» **Assignment**
Repeat every line of the data exactly; no picture belongs in the copy.

» **Input data**
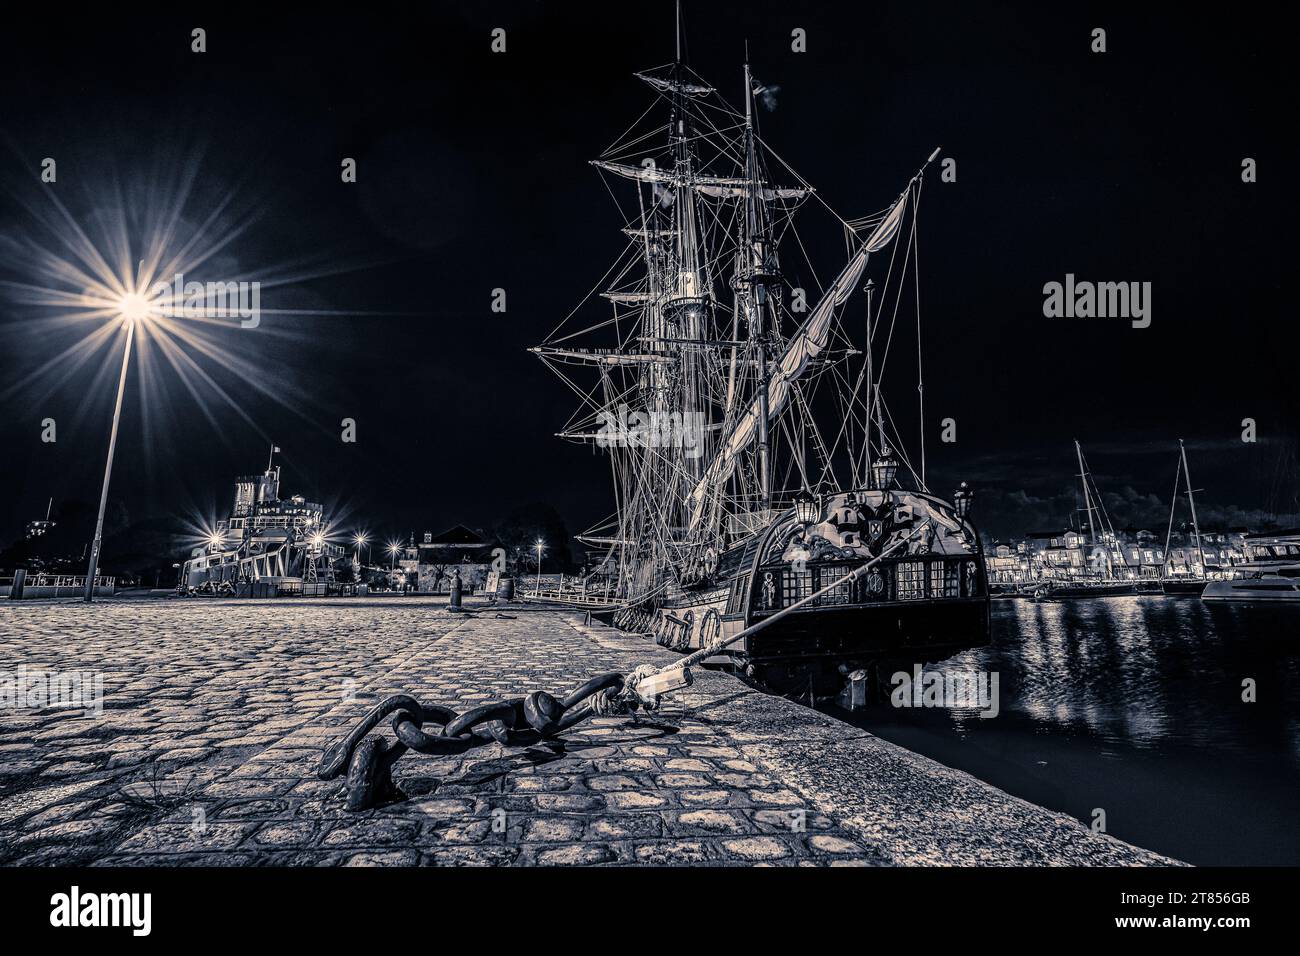 Vecchia nave a vela in legno ormeggiata nel porto di la Rochelle vicino al quartiere di gabut. ripresa notturna in bianco e nero Foto Stock
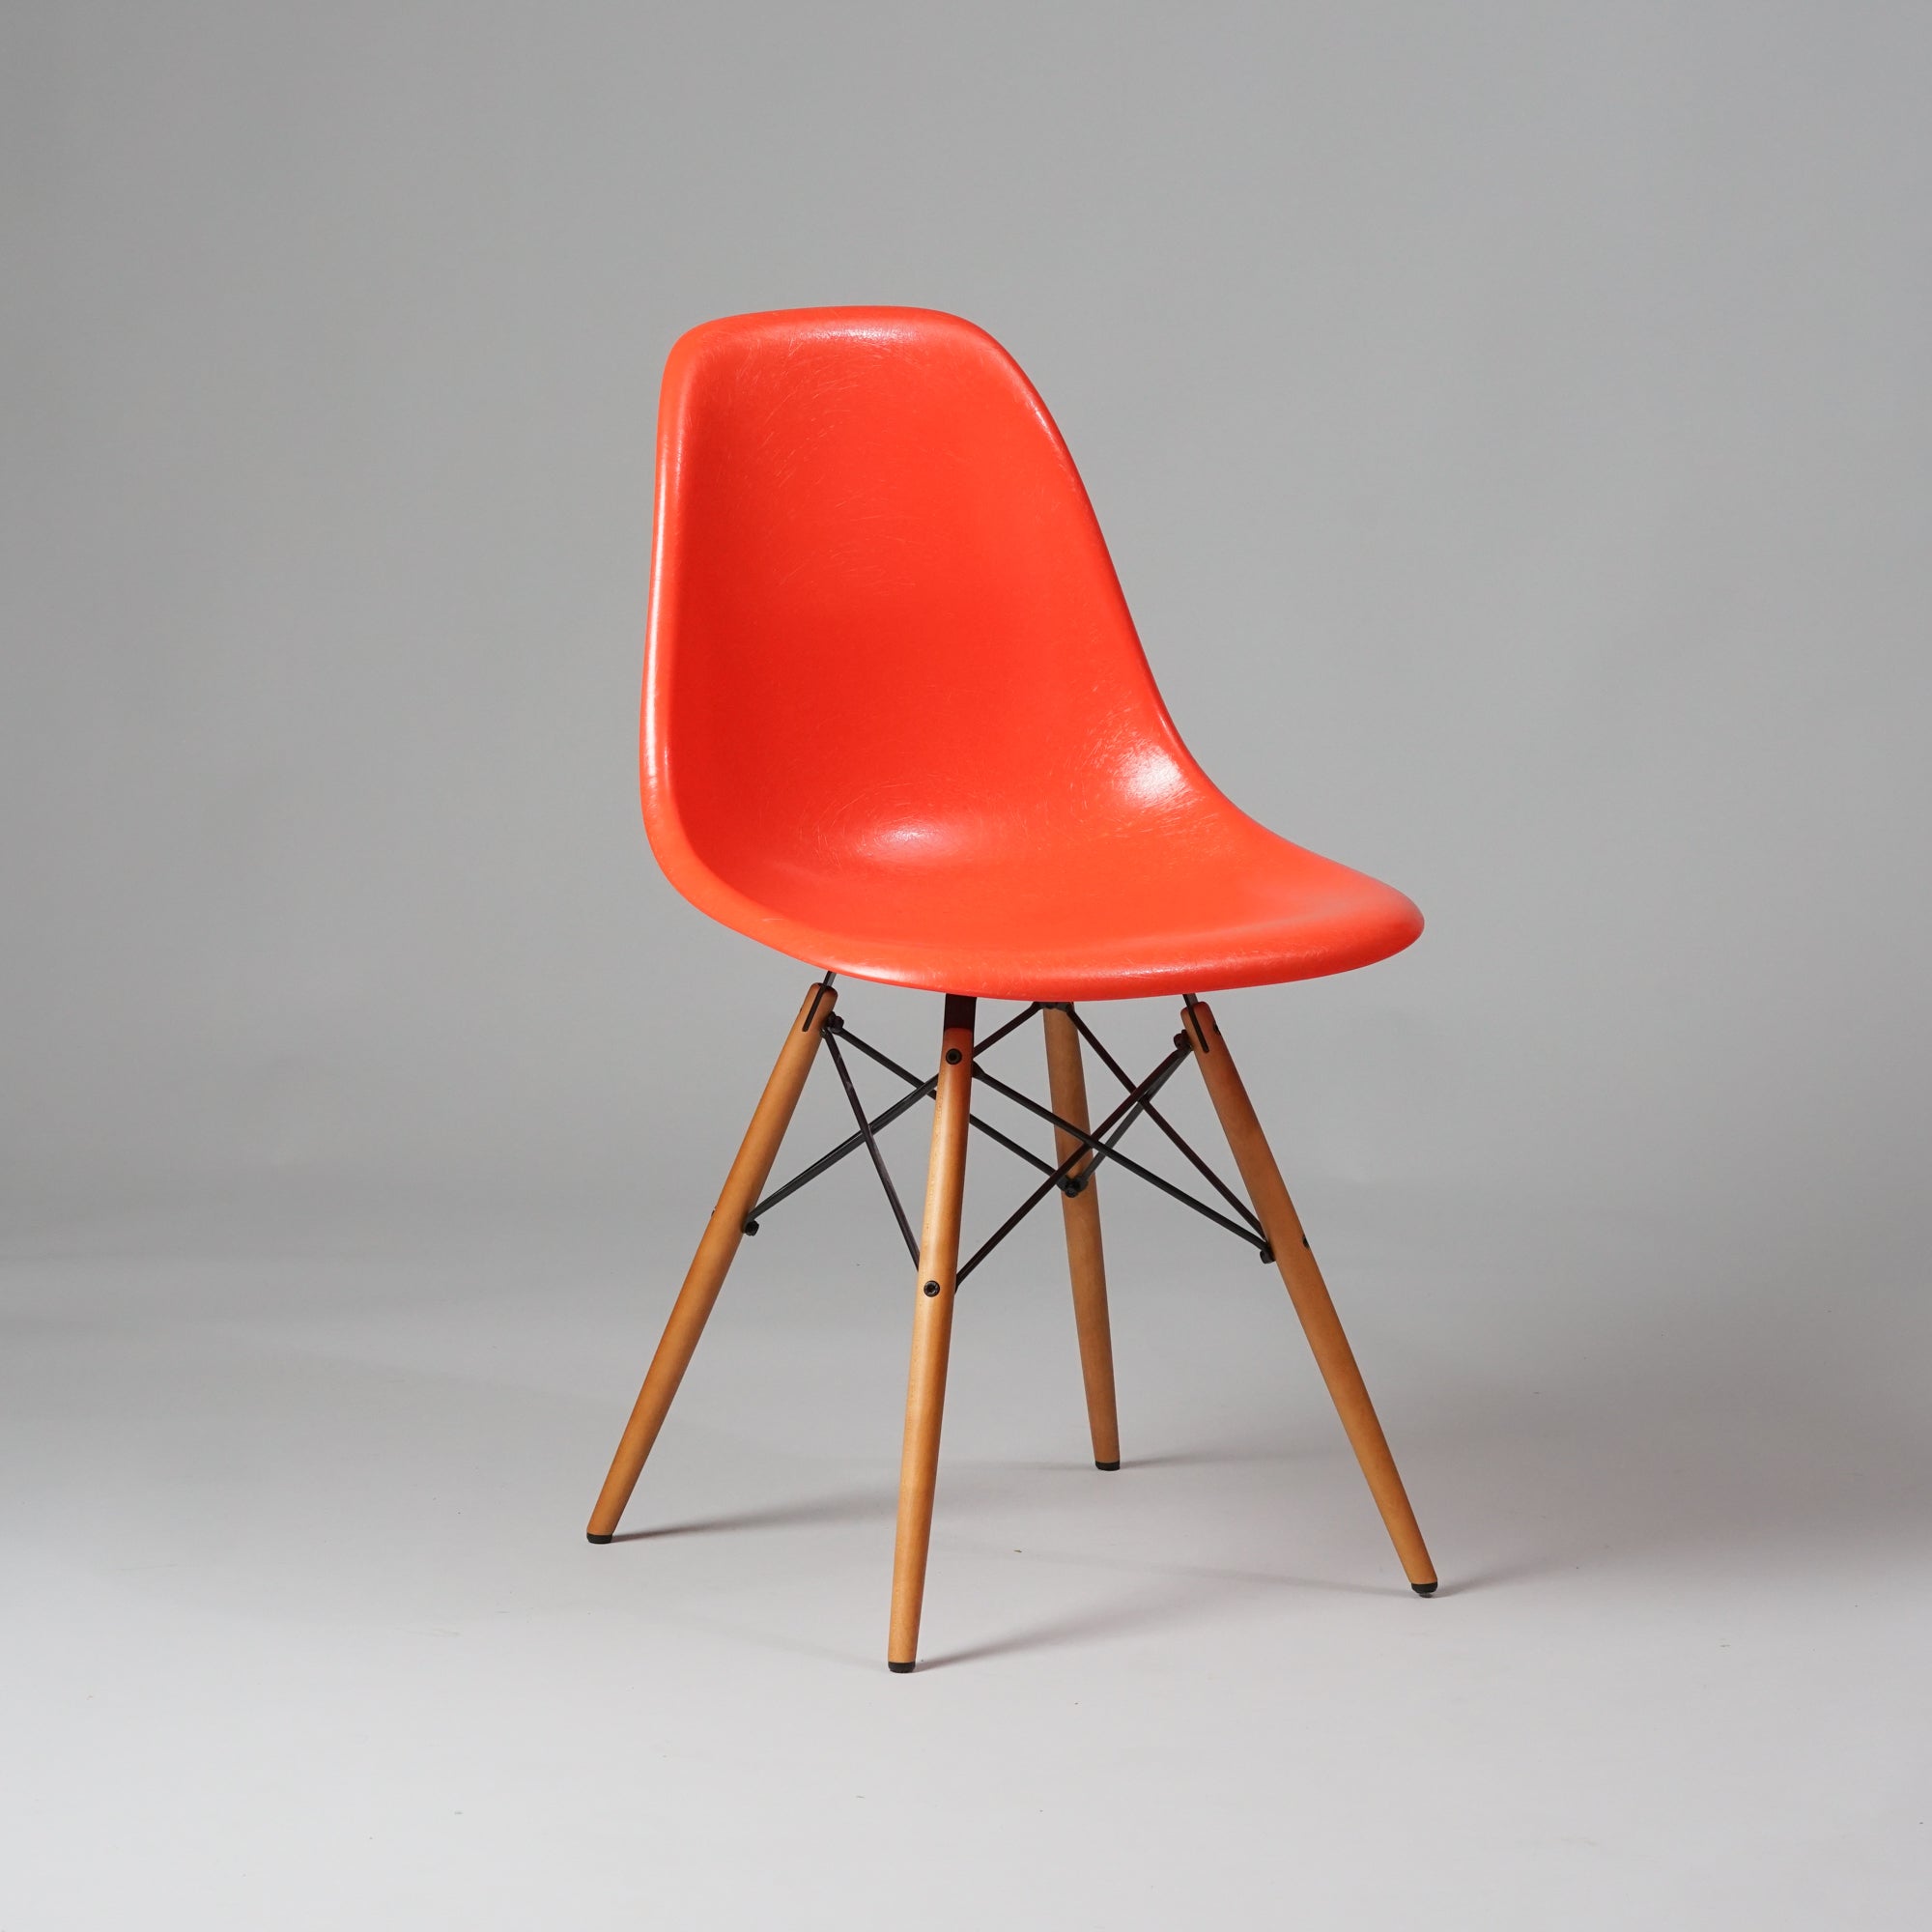 Tuoli, jonka jalat ovat vaahteraa ja jalkojen välissä olevat tangot metallia. Punertava oranssi istuinosa on lasikuitua.
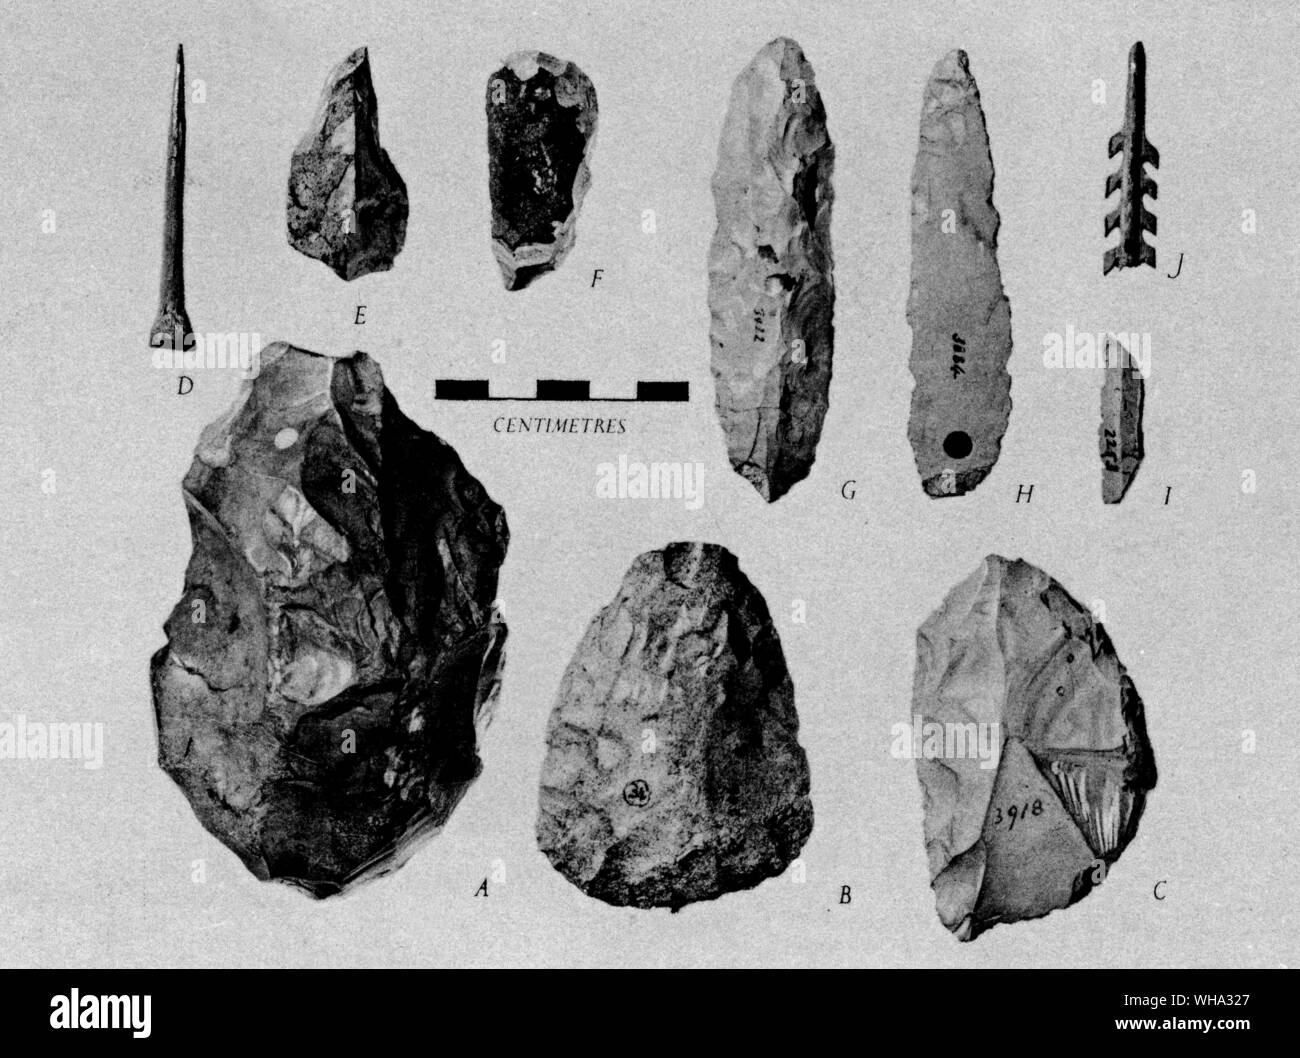 Fossile Mann: Altsteinzeit Artefakte von Kent's Cavern, Torquay, Devon. A-Unterer Altsteinzeit; B & C-Mittelpaläolithikum; D-J-Jungpaläolithikum. Stockfoto

» **Result for this exercise**
 Vecchia nave a vela in legno ormeggiata nel porto di la Rochelle vicino al quartiere di gabut. ripresa notturna in bianco e nero Foto Stock
 Tuoli, jonka jalat ovat vaahteraa ja jalkojen välissä olevat tangot metallia. Punertava oranssi istuinosa on lasikuitua.
 Fossile Mann: Altsteinzeit Artefakte von Kent's Cavern, Torquay, Devon. A-Unterer Altsteinzeit; B & C-Mittelpaläolithikum; D-J-Jungpaläolithikum. Stockfoto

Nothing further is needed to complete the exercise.